The data that follows must be transcribed in full and exactly, minus the pictures.

··· Recorded information ···

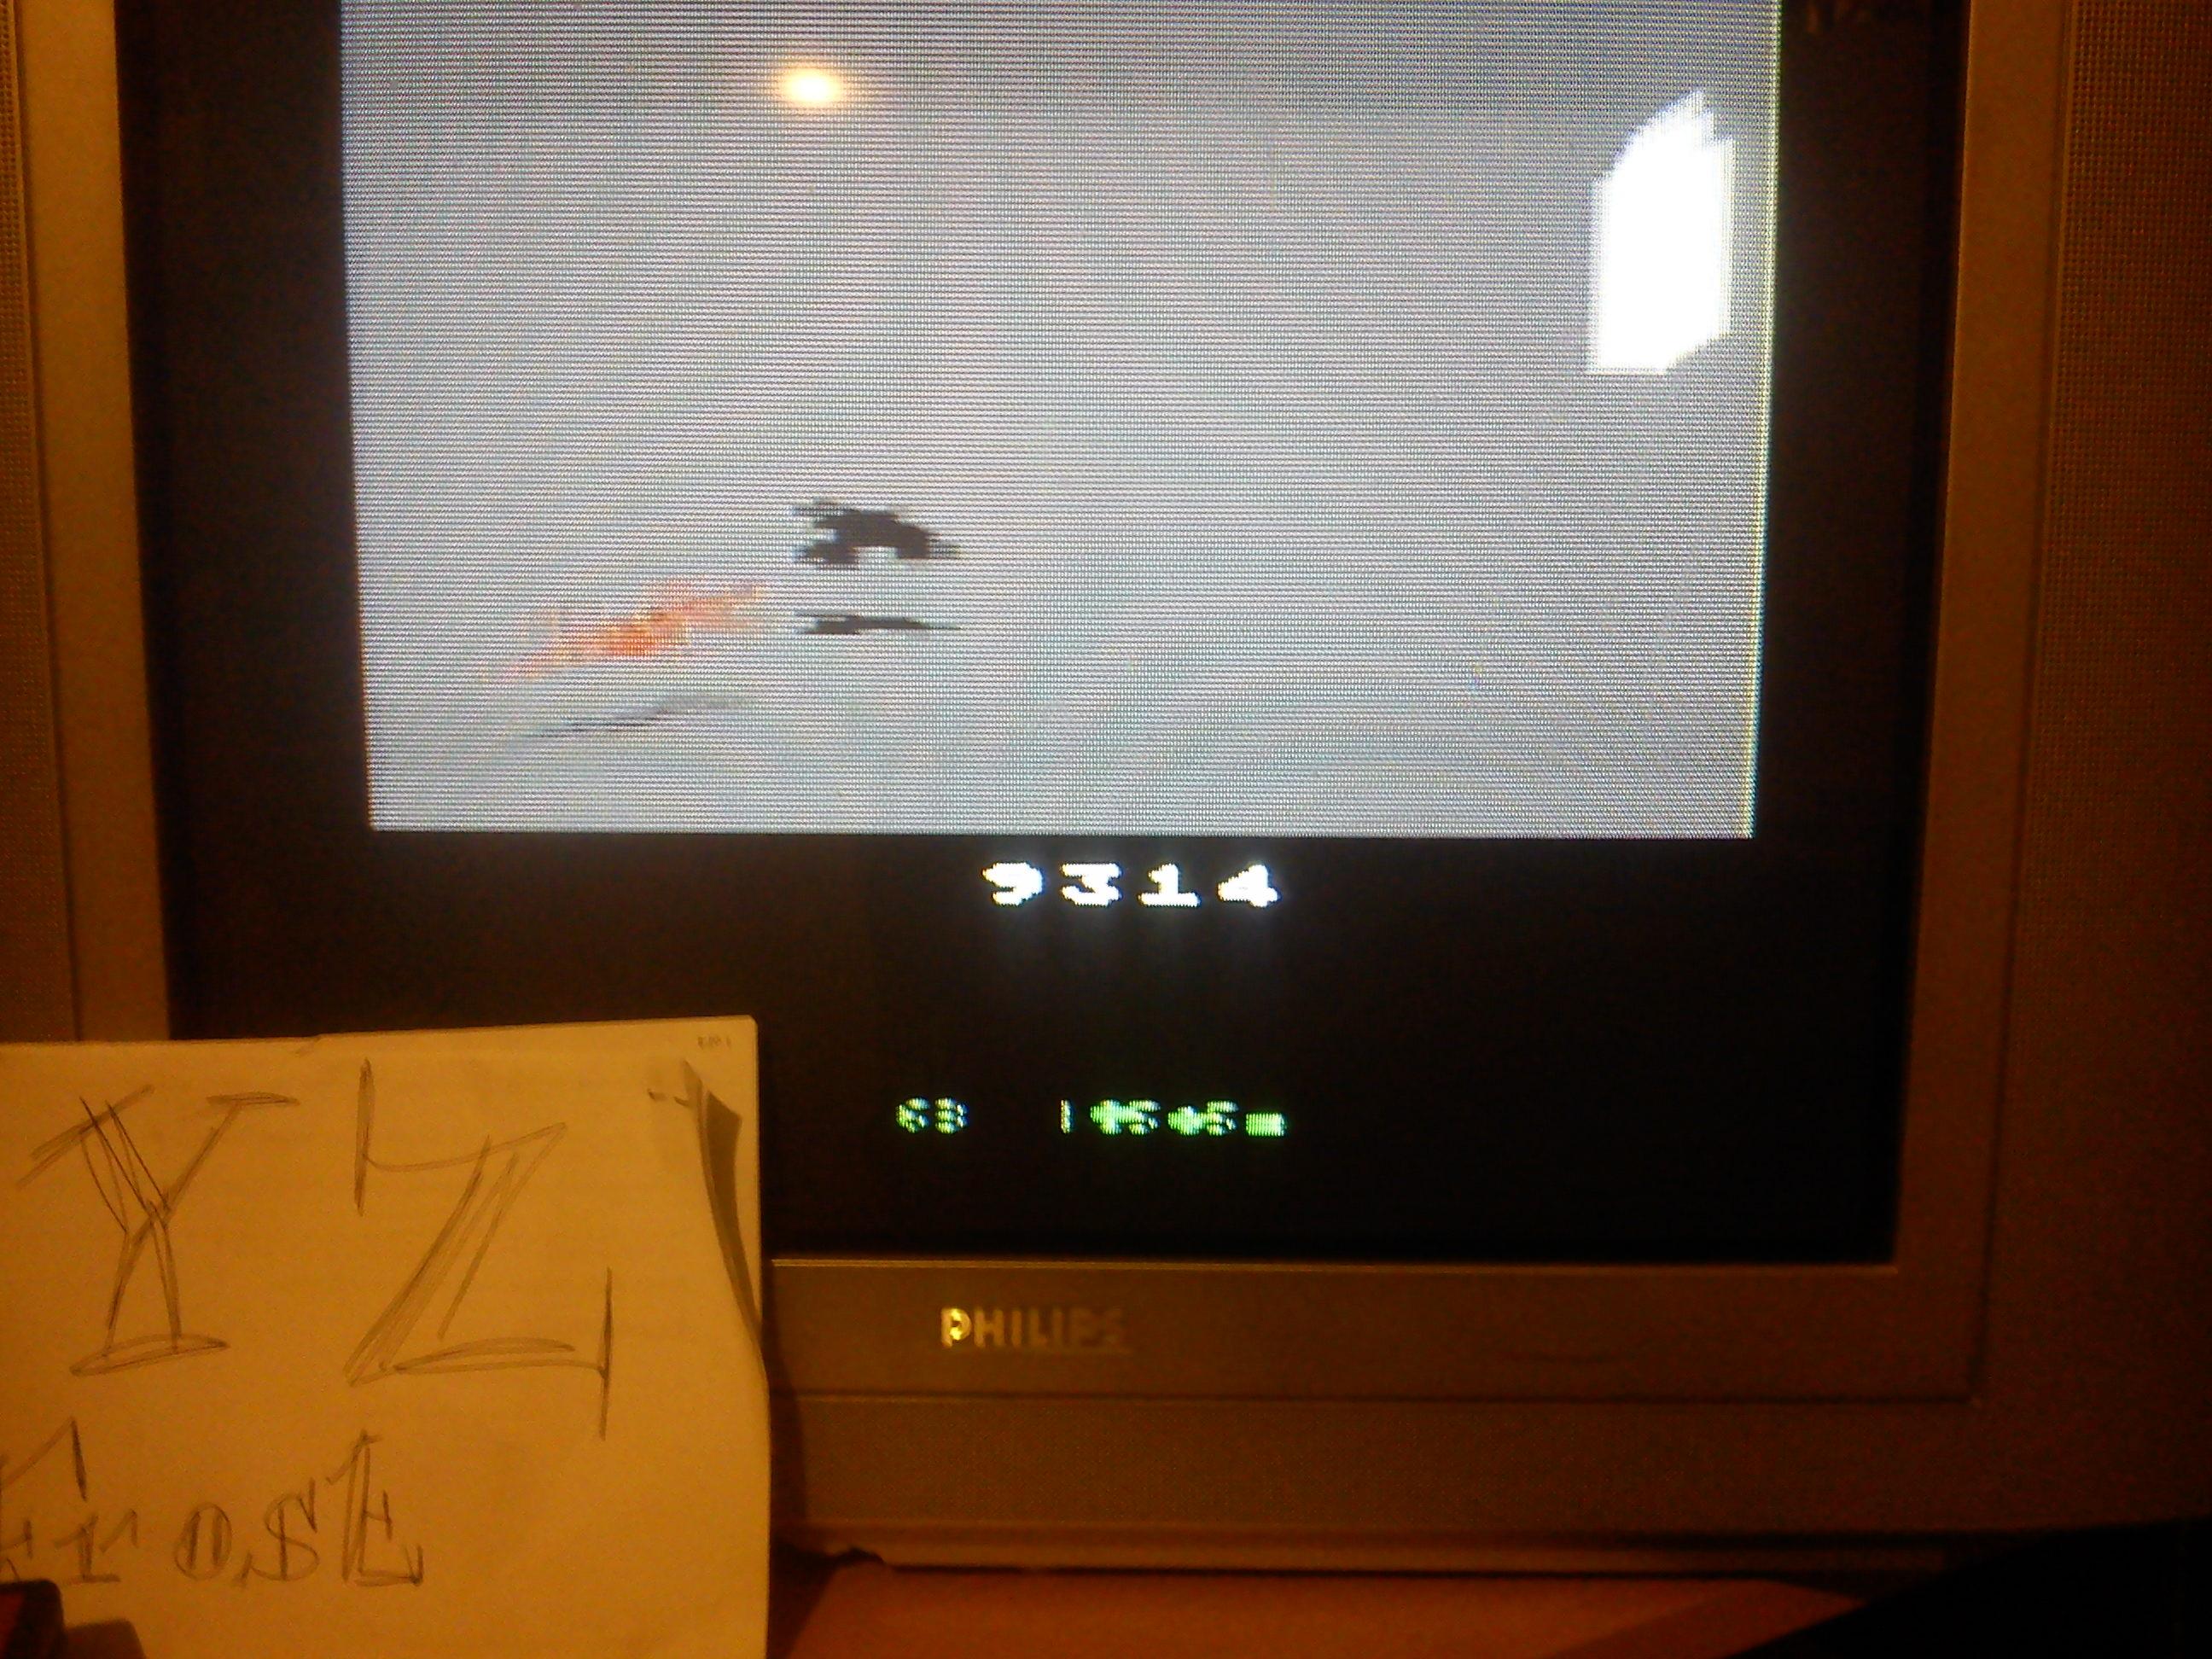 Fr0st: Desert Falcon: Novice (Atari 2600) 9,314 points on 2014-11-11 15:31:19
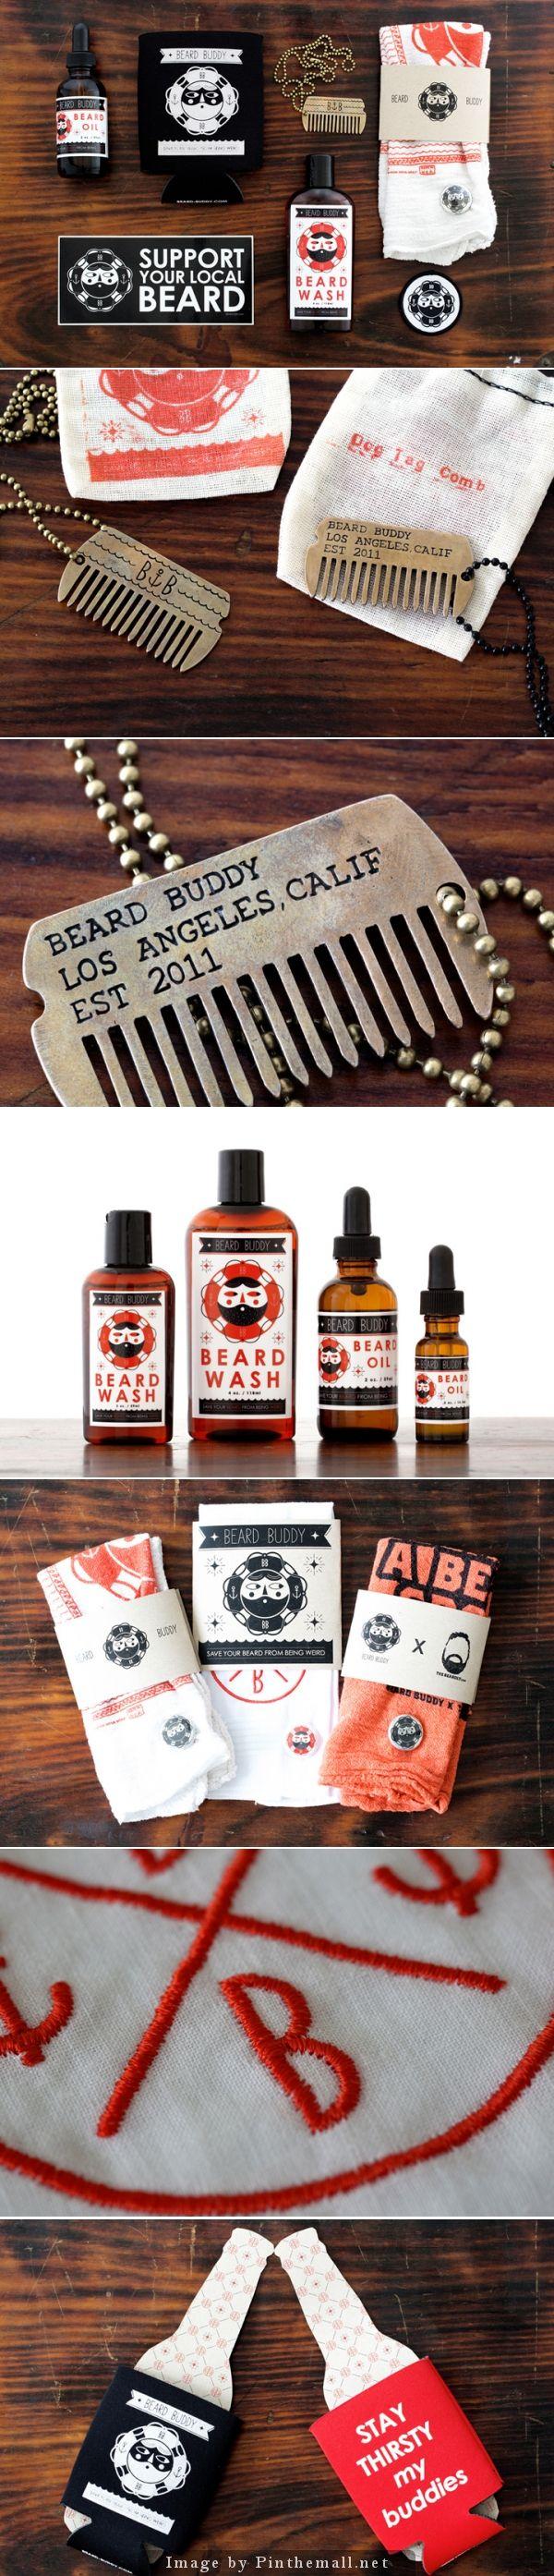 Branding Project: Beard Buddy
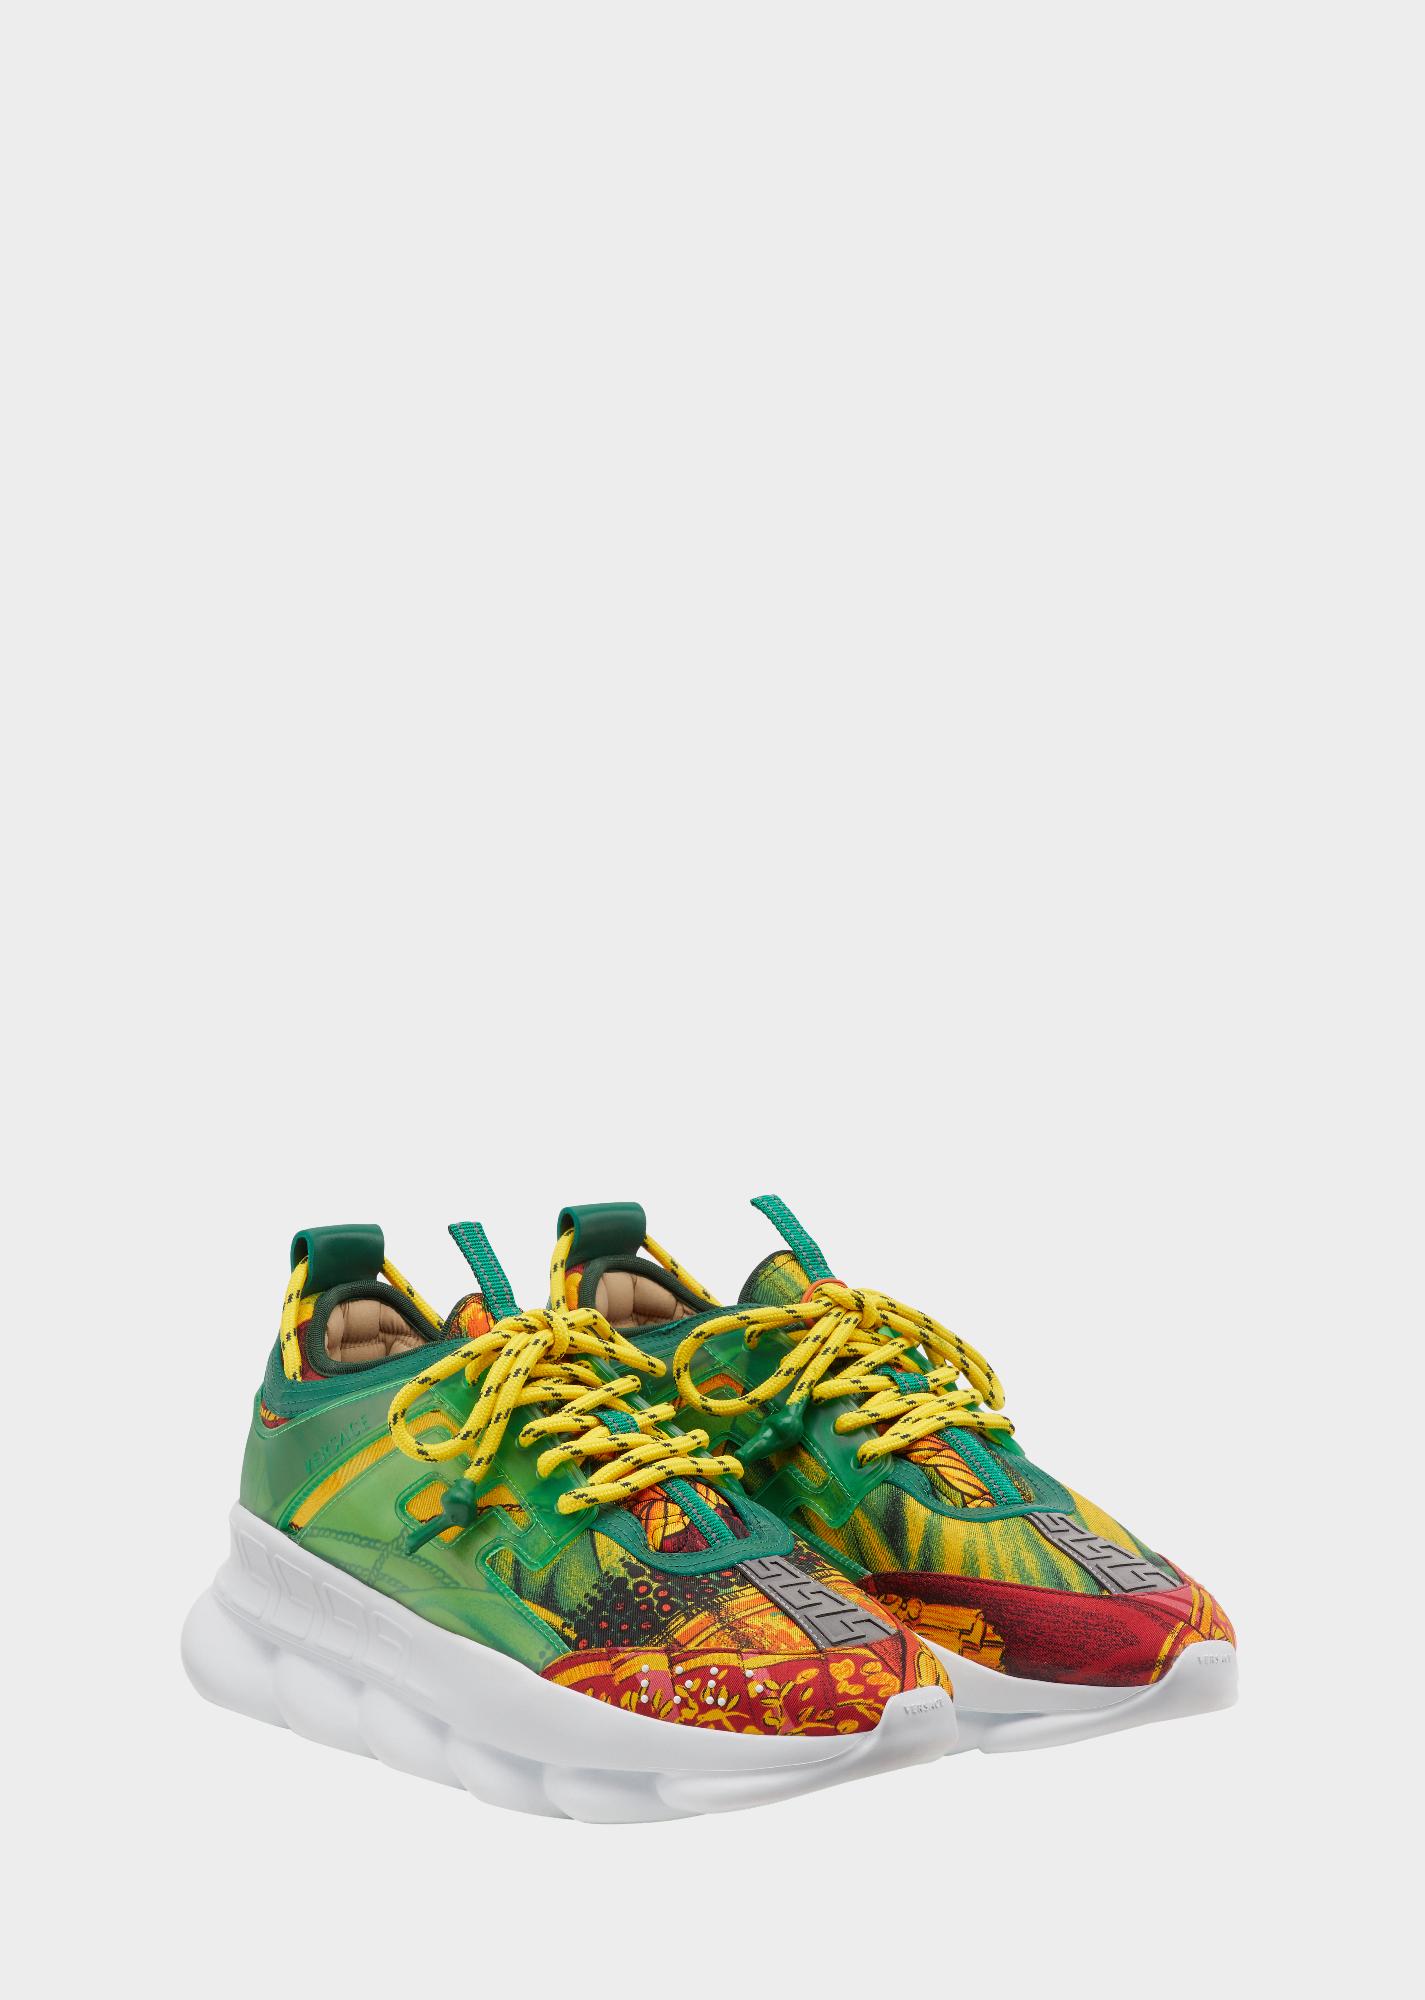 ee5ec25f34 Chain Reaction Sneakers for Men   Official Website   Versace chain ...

···

* **Result**:
 Fr0st: Desert Falcon: Novice (Atari 2600) 9,314 points on 2014-11-11 15:31:19
 Branding Project: Beard Buddy
 ee5ec25f34 Chain Reaction Sneakers for Men   Official Website   Versace chain ...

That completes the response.